Сказать к слову: Г. за время своей долголетней службы так набил руку на взятки, что, однажды, не дал спуску даже своему родному отцу.

Однажды отец его, дьячок, перемещался в другой приход и должен был взять в его столе переместительный указ. Дня четыре отец ходил в консисторию, и сынок всё отговаривался, что дела по горло, указ писать некогда. Наконец, приходит отец, сынок встал и говорит: «Ты, тятинька, я вижу, хочешь выехать «на сухих»! У меня положено три целковых за переместительный указ; борозды не порть и ты; а то, на тебя глядя, и другие не станут давать. Ты, тятинька, не обсевок в поле, три рубля выложь!»

— Ах ты!...

— Ты, тятинька, не ругайся, а то секретарь услышит, велит тебя вывесть, и мне будет стыдно за тебя.

Отец поругал—поругал да и отдал три рубля, а сынок вынул из ящика приготовленный уже указ.

Что Г. был негодяй, — это ещё ничего бы, негодяев много везде. Но странно, даже обидно, то: неужто отцы члены консистории не знали, что между их столоначальниками есть такие негодяи!...
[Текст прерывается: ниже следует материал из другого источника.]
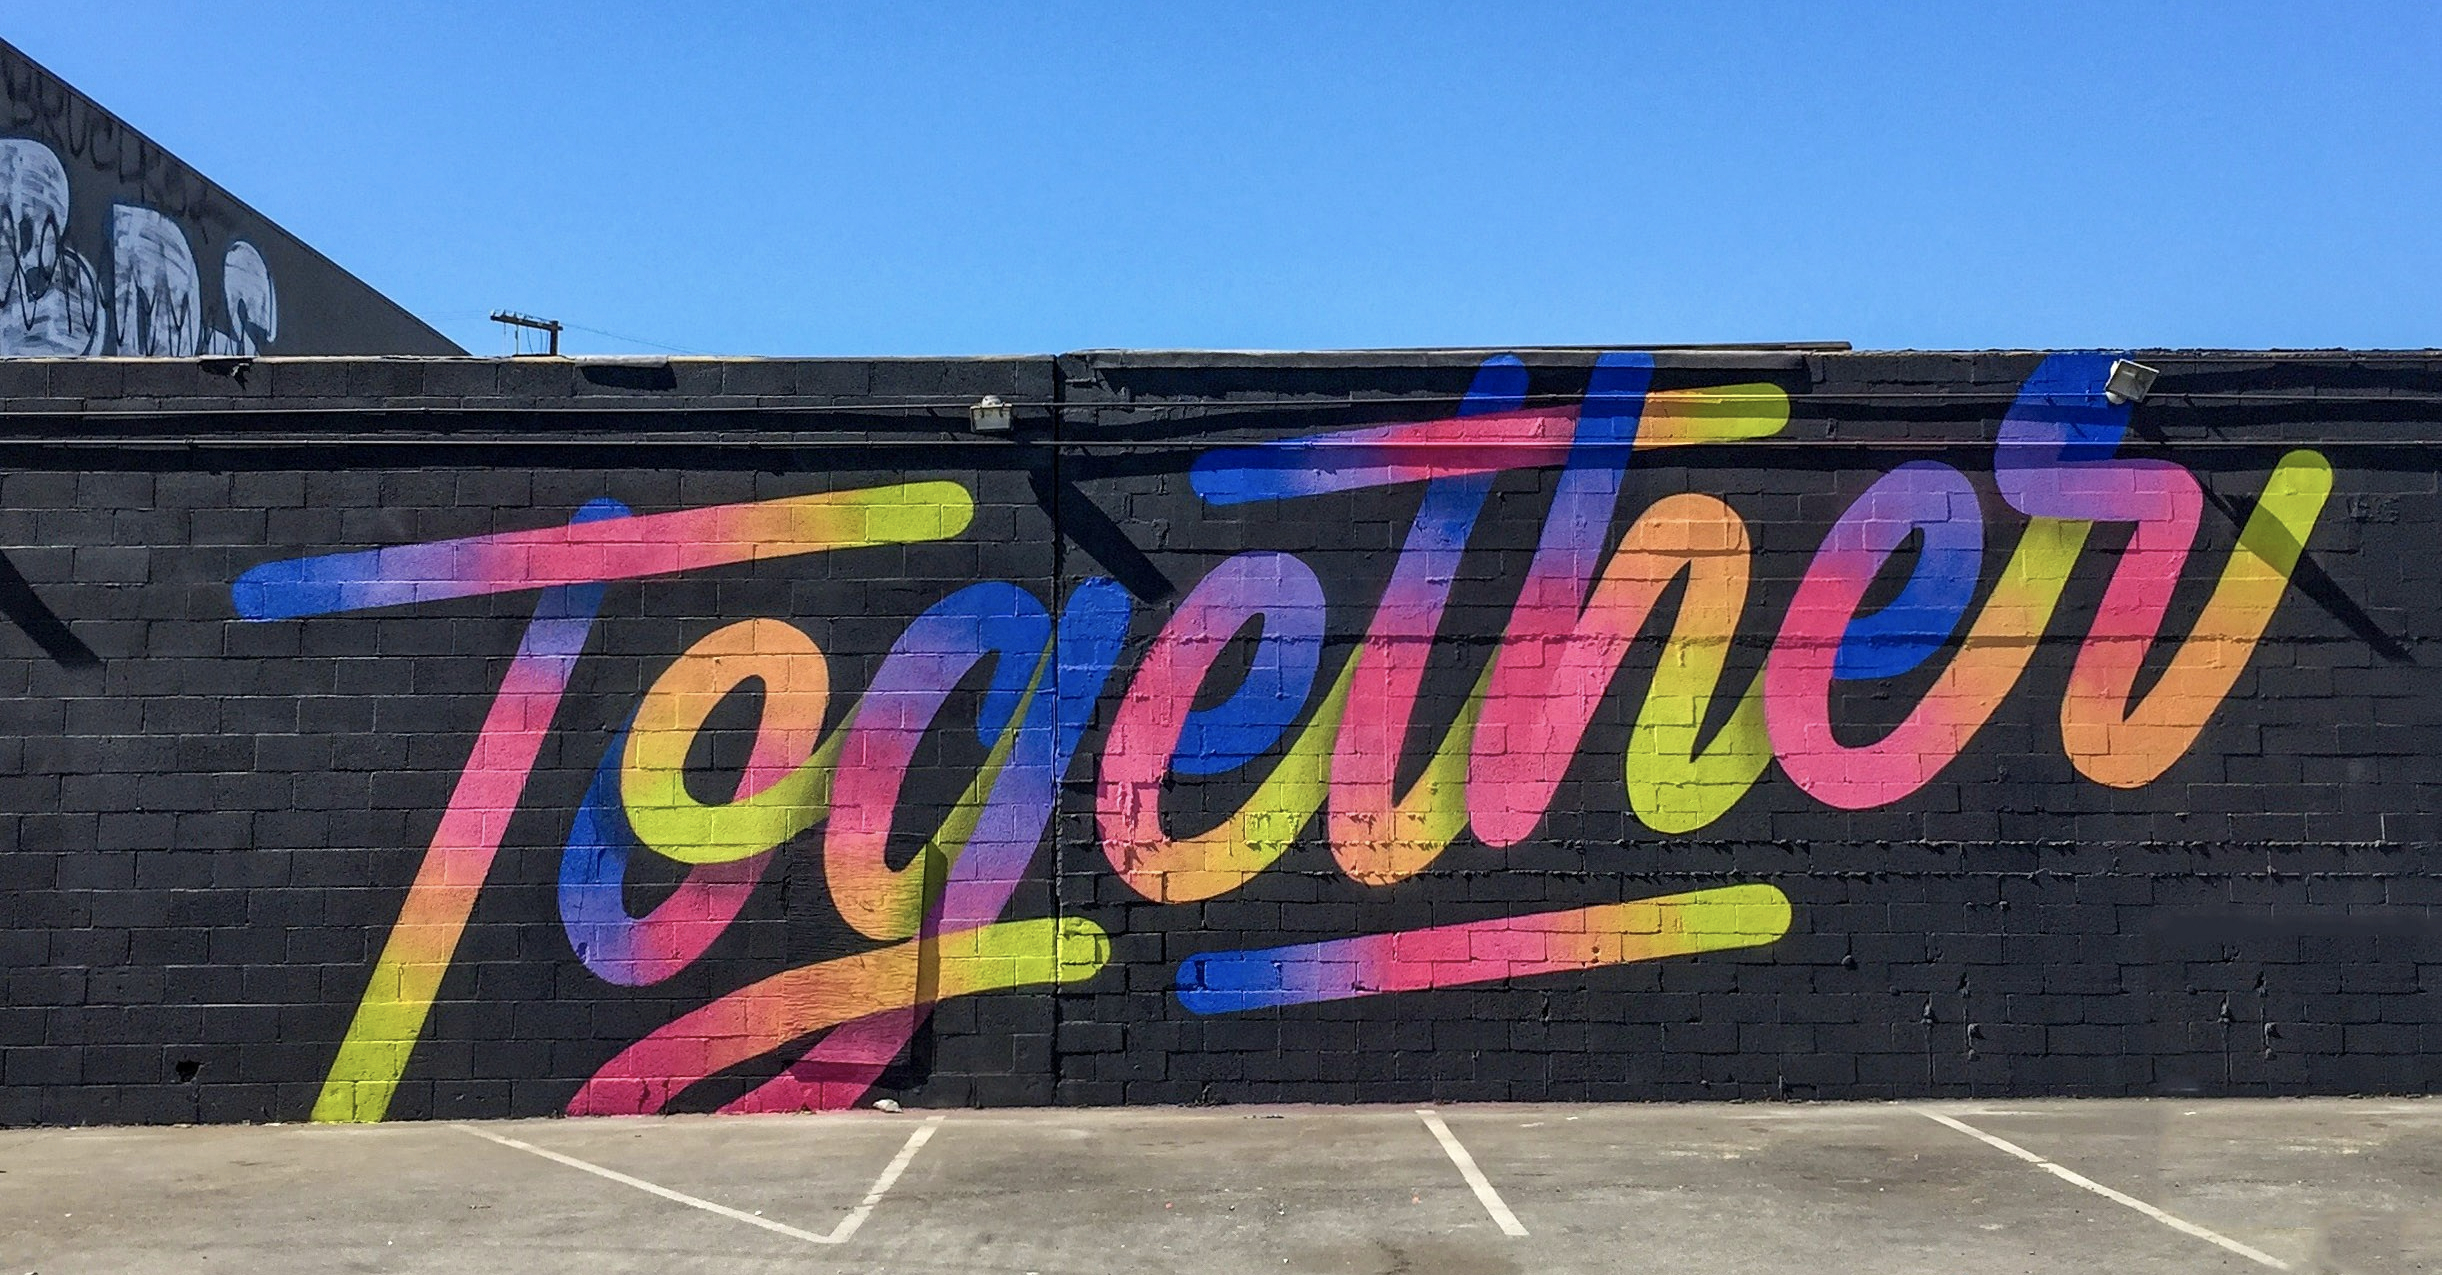 Sayings of street artists

В прежнее время столоначальники рассматривали следственные дела, и они же писали и самые решения. Членам консистории приходилось только списывать и исправлять грамматические ошибки столоначальников. А недавно умерший член консистории В. И. Жуков, в начале своего членства, как только дело, мало-мало, серьёзное, то возьмёт его на дом и отправляется с ним к благодетелю своему, помещику-дельцу Протопопову; тот напишет ему мнение, Жуков перепишет и несёт в консисторию.
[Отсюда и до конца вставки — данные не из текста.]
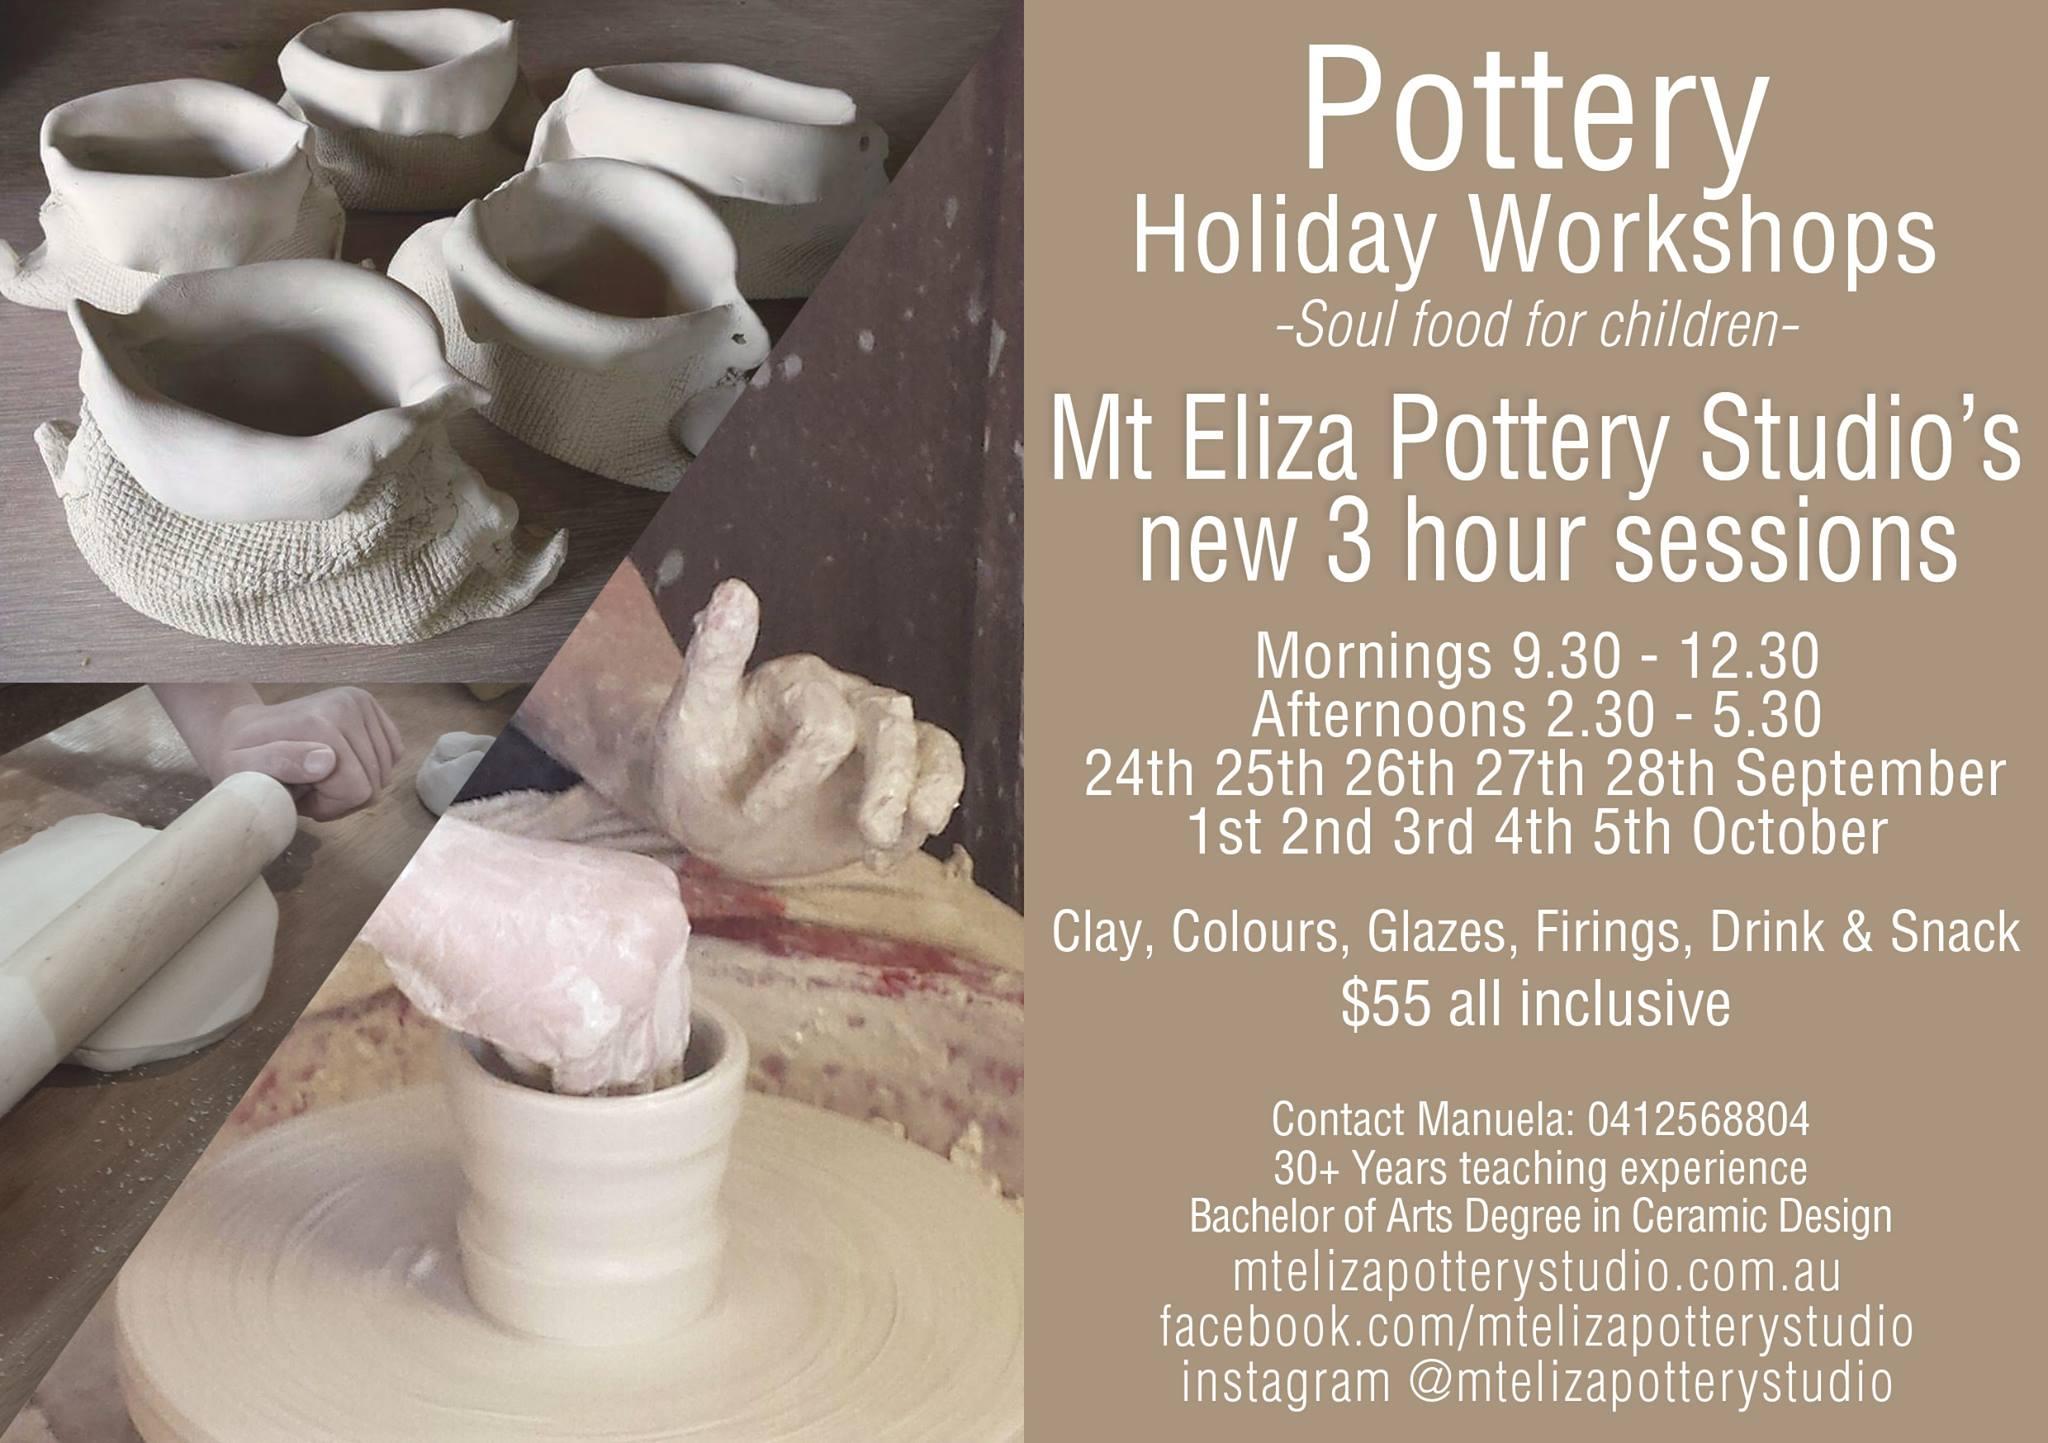 mt eliza pottery sep 2018.jpg

Теперь дела изменились к лучшему, нет спора, но, однако же, до сих пор консистории решают все дела, основываясь исключительно на том, что́ есть в следственном деле. Они не требуют никаких личных объяснений или разъяснений дела, не входят в обстоятельный рассмотр причин того или другого поступка; пред ними исписанная бумага, — и по ней решается участь человека, тогда как полагаться исключительно на эту бумагу крайне сомнительно, потому что следователь, если не имеет возможности дать вид следствию совершенно по своему произволу, то всегда может или сгладить, или увеличить значение вины подсудимого. И на этих-то, неверно выставленных, фактах основывается решение дела. Скажу об одном случае из собственной практики.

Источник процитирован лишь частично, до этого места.